This gist will help you circumvent a bug with the current Linux kernels (6.17 at the time of writing) that breaks the keyboard after booting your laptop back up from standby.
Credits go to mistine (Github) for coming up with this fix, u/ymmvxd (Reddit) for adapting this fix for Fedora and me (MyFairJulia) for adapting this fix again for Fedora Atomic.
What this fix does is simply removing the i8042 driver (responsible for communication with PS/2 keyboards and mice) while entering standby and adding the driver back in while resuming. The problem is that you cannot simply apply this fix to a Fedora Atomic based distro, since it doesn't allow the user to mess with the system. These instructions will help you wrap the fix into an rpm package to layer it onto your deployment.
Before you spend an hour (or more than half a day as i did) we'll have to check first whether this fix even works on your laptop.
To do that, enter the following command in your terminal:
sudo dmesg | grep i8042
If your terminal output contains the following lines, this fix will work on your machine. It definitely worked on my Sony Vaio Flip 15:
[ 0.494344] serio: i8042 KBD port at 0x60,0x64 irq 1
[ 0.494363] serio: i8042 AUX port at 0x60,0x64 irq 12
[ 0.507130] input: AT Translated Set 2 keyboard as /devices/platform/i8042/serio0/input/input3
[ 1.394864] input: SynPS/2 Synaptics TouchPad as /devices/platform/i8042/serio1/input/input5
If you happen to have any i8042-related kernel arguments, i suggest to remove them before starting as they could interfere with the fix.

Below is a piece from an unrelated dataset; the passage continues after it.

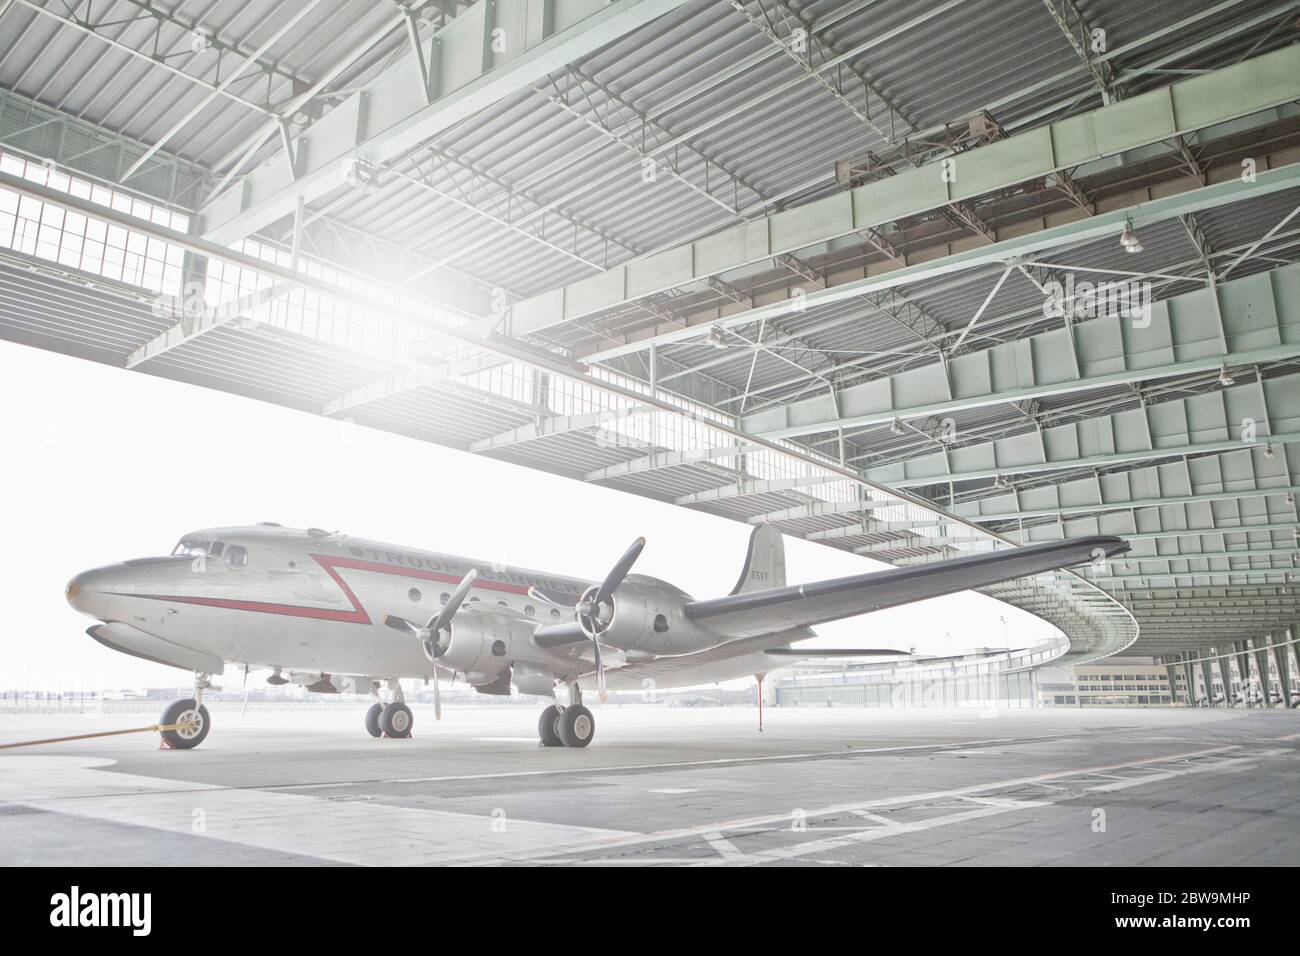 Germany, Berlin, Small airplane in hangar at Tempelhof Airport Stock Photo

We need distrobox to create an environment to build the rpm package. This could theoretically work with rpm-ostree but temporarily layering a development environment onto Fedora wastes a lot of time.

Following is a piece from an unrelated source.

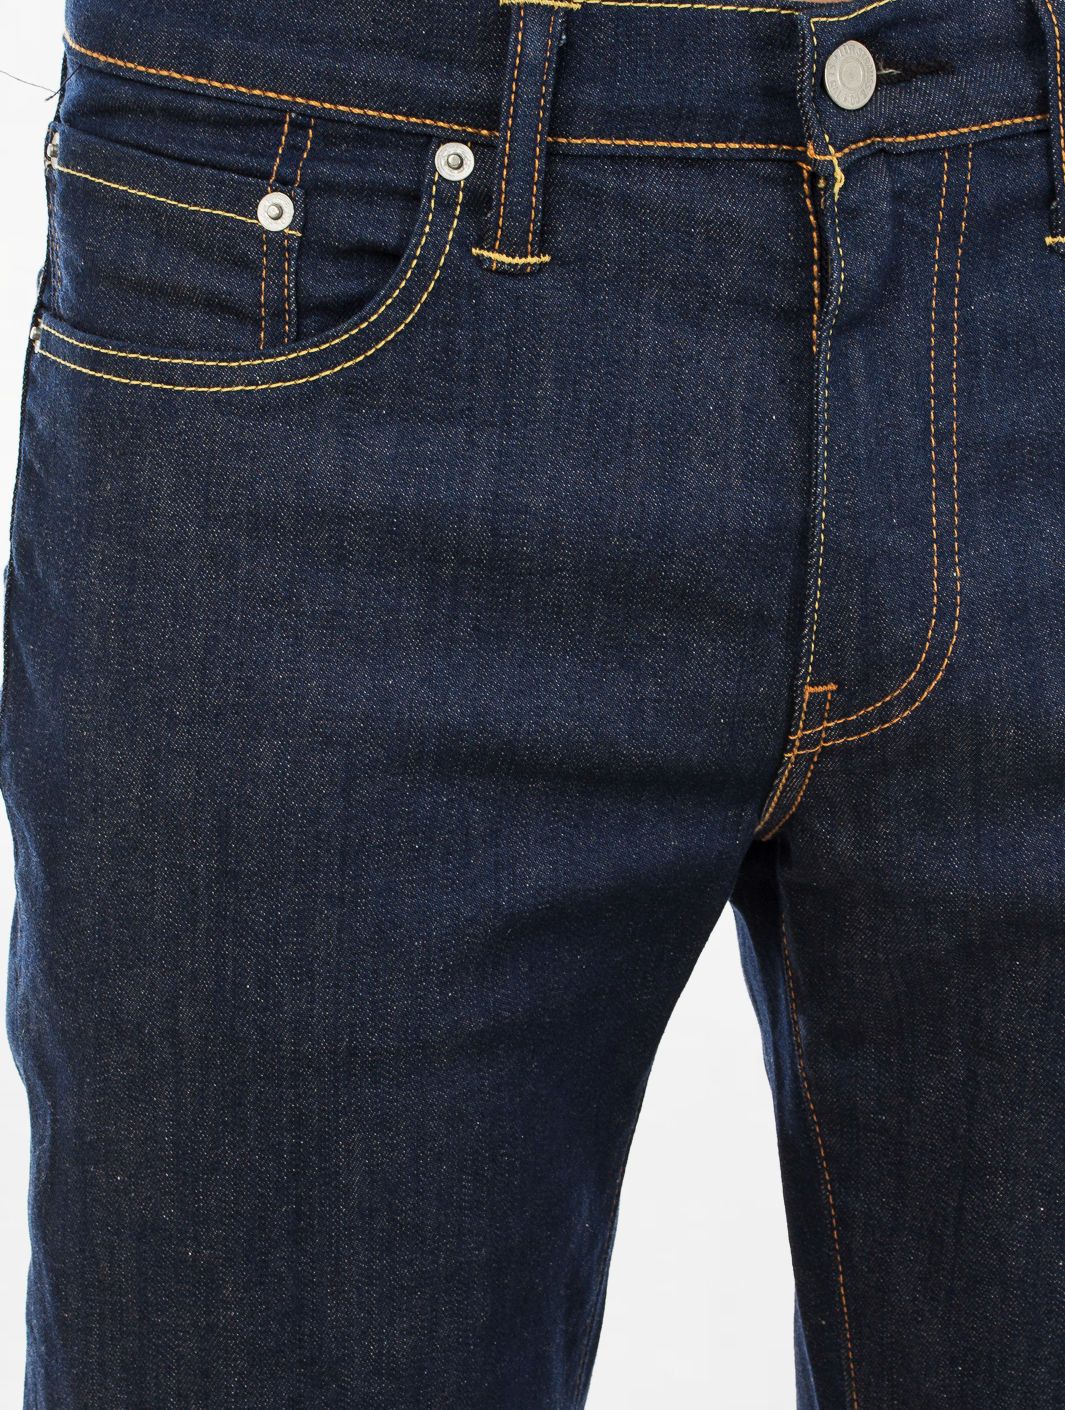 Levi's 511 Jeans Size US 29 - 1 Preview

Anyway, run these commands to install distrobox:
sudo rpm-ostree install distrobox
systemctl reboot
After reboot, run the following command to create and enter the distrobox:
distrobox enter
Then confirm the prompt to create the distrobox.
Run the following commands to install fpm and its dependencies:
yum install ruby rpm-build
gem install fpm
fpm is the tool that will help us build the package and we need ruby to install and run it as well as rpm-build so fpm can create the rpm package.
Create the script file using nano keyboard-reset.sh and paste the following content into the terminal:
#!/bin/sh
case $1/$2 in
pre/*)
echo i8042 > /sys/bus/platform/drivers/i8042/unbind
;;
post/*)
echo i8042 > /sys/bus/platform/drivers/i8042/bind
;;
esac
This is the actual fix! The real deal! The script is described in the intro.
Save the file using Ctrl-X and grant the script the execute permission using sudo chmod +x keyboard-reset.sh
Create the rpm package using the following command:
fpm -s dir -t rpm -p keyboard-reset.rpm --name i8042-keyboard-reset --version 0.1.0 --architecture all --description "Resets the keyboard driver after returning from standby" --maintainer "mistine, u/ymmvxd and MyFairJulia" keyboard-reset.sh=/usr/lib/systemd/system-sleep/keyboard-reset.sh
This command takes the script and creates an rpm package around it that will put the script in the correct location to be run automatically on standby and resume by systemd.
Leave the distrobox behind using the command exit and run the following commands to install the package and reboot your machine:
sudo rpm-ostree install ~/keyboard-reset.rpm
systemctl reboot
Does this fix every issue related with hibernate? The keyboard is the worse of the issues, but there are other problems that come with it: laptop does not turn off on lid close; function keys do not work. I remember seeing this script a while back and it didn't fix those, did anything change?
Anyways, thanks for creating this!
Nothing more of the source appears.